• _INPUT DATA_:
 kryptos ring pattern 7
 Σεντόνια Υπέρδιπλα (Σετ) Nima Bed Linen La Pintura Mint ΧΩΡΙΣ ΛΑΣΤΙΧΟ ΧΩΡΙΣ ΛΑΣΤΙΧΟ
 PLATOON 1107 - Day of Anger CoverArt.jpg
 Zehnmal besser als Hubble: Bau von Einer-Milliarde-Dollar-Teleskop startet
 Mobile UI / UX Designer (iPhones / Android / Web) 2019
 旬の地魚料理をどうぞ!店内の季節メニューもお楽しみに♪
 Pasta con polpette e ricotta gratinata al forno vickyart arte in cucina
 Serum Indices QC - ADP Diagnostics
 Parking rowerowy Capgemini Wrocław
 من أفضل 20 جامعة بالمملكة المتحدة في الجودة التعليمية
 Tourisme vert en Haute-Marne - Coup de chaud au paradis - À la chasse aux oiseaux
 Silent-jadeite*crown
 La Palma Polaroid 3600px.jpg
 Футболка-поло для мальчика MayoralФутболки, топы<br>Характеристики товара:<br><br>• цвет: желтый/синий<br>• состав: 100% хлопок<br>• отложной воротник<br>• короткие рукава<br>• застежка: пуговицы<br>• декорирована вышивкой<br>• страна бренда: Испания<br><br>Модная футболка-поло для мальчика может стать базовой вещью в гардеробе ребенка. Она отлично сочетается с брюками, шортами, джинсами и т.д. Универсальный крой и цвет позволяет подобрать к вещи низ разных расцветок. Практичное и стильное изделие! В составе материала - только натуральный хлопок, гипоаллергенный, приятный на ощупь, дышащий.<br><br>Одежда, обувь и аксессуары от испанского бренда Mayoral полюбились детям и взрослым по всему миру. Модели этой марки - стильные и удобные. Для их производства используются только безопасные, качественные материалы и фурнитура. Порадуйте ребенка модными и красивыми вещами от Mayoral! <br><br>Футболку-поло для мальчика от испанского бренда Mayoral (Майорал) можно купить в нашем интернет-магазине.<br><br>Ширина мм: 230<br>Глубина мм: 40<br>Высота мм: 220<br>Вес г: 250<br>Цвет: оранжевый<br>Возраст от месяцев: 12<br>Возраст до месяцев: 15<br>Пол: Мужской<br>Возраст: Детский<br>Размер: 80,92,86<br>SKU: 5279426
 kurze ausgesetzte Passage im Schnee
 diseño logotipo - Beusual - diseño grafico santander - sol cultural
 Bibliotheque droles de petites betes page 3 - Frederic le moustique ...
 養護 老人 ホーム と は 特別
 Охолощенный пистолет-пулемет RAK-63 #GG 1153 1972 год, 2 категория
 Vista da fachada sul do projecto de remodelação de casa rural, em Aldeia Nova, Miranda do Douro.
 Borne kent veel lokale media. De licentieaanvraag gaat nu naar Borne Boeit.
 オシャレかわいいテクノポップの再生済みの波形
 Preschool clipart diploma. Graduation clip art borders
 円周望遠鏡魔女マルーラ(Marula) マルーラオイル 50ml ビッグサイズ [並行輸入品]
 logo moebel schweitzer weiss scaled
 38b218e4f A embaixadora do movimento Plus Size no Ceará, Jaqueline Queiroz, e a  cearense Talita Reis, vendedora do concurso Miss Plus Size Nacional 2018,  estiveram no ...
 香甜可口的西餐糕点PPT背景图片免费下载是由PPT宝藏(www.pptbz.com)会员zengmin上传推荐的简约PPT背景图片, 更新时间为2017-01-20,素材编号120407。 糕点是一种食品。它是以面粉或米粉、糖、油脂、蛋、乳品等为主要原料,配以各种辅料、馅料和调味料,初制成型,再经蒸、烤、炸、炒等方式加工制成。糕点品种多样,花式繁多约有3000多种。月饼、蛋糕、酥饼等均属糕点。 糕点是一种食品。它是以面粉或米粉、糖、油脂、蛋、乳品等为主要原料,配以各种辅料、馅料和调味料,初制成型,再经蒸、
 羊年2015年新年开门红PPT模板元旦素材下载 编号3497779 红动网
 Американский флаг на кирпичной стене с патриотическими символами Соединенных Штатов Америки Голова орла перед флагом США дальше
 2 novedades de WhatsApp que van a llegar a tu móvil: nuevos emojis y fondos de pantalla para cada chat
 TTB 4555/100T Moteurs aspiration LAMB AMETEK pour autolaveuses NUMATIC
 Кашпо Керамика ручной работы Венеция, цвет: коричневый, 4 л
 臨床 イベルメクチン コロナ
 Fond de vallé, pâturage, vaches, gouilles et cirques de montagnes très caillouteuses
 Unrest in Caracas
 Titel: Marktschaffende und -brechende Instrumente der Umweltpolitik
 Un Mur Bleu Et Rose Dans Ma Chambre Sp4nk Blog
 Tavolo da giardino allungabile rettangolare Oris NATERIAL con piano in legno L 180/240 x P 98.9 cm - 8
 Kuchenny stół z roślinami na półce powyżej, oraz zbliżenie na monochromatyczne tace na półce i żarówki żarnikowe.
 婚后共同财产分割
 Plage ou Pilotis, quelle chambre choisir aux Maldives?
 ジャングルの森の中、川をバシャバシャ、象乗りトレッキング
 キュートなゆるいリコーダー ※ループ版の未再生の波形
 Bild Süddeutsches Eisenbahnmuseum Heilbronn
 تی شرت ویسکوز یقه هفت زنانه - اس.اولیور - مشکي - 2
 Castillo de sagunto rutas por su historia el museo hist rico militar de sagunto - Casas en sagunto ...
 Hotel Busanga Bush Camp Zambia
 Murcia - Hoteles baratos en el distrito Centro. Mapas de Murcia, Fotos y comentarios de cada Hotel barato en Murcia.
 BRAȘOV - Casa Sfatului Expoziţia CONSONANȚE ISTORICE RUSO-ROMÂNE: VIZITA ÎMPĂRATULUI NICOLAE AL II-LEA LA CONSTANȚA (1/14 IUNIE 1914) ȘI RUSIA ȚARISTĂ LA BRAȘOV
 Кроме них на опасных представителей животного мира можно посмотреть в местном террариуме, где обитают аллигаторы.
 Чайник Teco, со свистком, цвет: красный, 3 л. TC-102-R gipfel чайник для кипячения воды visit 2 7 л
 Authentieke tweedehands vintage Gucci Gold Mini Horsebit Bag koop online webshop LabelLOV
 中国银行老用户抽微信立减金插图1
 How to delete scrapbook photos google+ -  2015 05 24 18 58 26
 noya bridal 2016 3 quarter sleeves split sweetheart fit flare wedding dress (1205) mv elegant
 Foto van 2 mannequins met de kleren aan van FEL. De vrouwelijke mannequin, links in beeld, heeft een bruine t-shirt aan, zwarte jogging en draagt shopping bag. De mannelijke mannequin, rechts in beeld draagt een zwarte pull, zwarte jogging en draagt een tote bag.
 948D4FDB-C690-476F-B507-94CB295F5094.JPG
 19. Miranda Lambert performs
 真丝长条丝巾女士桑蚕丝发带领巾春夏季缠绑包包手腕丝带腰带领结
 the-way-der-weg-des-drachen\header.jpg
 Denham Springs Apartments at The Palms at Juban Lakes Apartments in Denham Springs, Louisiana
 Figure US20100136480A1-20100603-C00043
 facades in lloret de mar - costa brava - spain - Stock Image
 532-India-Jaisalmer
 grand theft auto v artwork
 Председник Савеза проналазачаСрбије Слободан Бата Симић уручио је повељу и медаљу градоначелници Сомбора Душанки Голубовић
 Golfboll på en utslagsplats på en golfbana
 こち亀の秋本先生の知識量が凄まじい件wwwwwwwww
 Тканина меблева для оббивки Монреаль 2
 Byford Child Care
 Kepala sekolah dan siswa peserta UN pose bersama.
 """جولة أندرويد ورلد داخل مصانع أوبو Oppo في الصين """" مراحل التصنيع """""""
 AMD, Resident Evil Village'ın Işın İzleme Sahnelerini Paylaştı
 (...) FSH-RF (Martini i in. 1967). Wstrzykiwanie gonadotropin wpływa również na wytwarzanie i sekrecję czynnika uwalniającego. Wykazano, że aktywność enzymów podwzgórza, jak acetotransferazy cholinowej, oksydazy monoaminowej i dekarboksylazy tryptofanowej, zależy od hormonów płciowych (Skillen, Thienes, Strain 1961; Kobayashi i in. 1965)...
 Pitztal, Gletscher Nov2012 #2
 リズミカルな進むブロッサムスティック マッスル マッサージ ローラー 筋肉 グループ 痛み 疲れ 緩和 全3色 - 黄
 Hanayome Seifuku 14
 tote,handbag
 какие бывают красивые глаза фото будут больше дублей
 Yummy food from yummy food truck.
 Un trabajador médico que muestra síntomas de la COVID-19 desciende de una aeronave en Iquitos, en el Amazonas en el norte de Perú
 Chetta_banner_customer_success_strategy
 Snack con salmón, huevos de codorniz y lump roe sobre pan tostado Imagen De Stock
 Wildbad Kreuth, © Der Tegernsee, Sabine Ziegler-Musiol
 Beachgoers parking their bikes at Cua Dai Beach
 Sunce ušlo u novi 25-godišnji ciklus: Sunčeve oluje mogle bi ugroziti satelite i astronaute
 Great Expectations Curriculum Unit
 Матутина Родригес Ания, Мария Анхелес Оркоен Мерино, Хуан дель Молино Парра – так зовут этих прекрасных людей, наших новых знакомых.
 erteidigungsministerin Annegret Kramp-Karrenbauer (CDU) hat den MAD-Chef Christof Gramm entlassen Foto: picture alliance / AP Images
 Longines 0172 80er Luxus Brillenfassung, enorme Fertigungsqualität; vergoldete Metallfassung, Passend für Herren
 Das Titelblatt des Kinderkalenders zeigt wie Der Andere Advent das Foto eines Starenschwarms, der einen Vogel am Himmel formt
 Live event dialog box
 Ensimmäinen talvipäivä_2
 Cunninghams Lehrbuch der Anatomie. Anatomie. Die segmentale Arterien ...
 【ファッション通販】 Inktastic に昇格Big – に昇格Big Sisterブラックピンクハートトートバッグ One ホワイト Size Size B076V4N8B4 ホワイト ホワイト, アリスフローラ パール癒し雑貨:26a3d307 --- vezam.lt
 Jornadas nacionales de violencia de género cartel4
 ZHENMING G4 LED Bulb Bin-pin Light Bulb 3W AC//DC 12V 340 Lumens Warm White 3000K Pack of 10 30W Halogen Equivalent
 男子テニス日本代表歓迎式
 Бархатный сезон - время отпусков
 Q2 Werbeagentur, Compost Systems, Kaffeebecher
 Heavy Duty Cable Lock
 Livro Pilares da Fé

• _BRIEF_: With the line holding "grand theft auto v artwork" as the first and the line holding "какие бывают красивые" as the last, set down that range of the entries above exactly, and nothing else.

• _ANSWER FOR THIS EXERCISE_:
 grand theft auto v artwork
 Председник Савеза проналазачаСрбије Слободан Бата Симић уручио је повељу и медаљу градоначелници Сомбора Душанки Голубовић
 Golfboll på en utslagsplats på en golfbana
 こち亀の秋本先生の知識量が凄まじい件wwwwwwwww
 Тканина меблева для оббивки Монреаль 2
 Byford Child Care
 Kepala sekolah dan siswa peserta UN pose bersama.
 """جولة أندرويد ورلد داخل مصانع أوبو Oppo في الصين """" مراحل التصنيع """""""
 AMD, Resident Evil Village'ın Işın İzleme Sahnelerini Paylaştı
 (...) FSH-RF (Martini i in. 1967). Wstrzykiwanie gonadotropin wpływa również na wytwarzanie i sekrecję czynnika uwalniającego. Wykazano, że aktywność enzymów podwzgórza, jak acetotransferazy cholinowej, oksydazy monoaminowej i dekarboksylazy tryptofanowej, zależy od hormonów płciowych (Skillen, Thienes, Strain 1961; Kobayashi i in. 1965)...
 Pitztal, Gletscher Nov2012 #2
 リズミカルな進むブロッサムスティック マッスル マッサージ ローラー 筋肉 グループ 痛み 疲れ 緩和 全3色 - 黄
 Hanayome Seifuku 14
 tote,handbag
 какие бывают красивые глаза фото будут больше дублей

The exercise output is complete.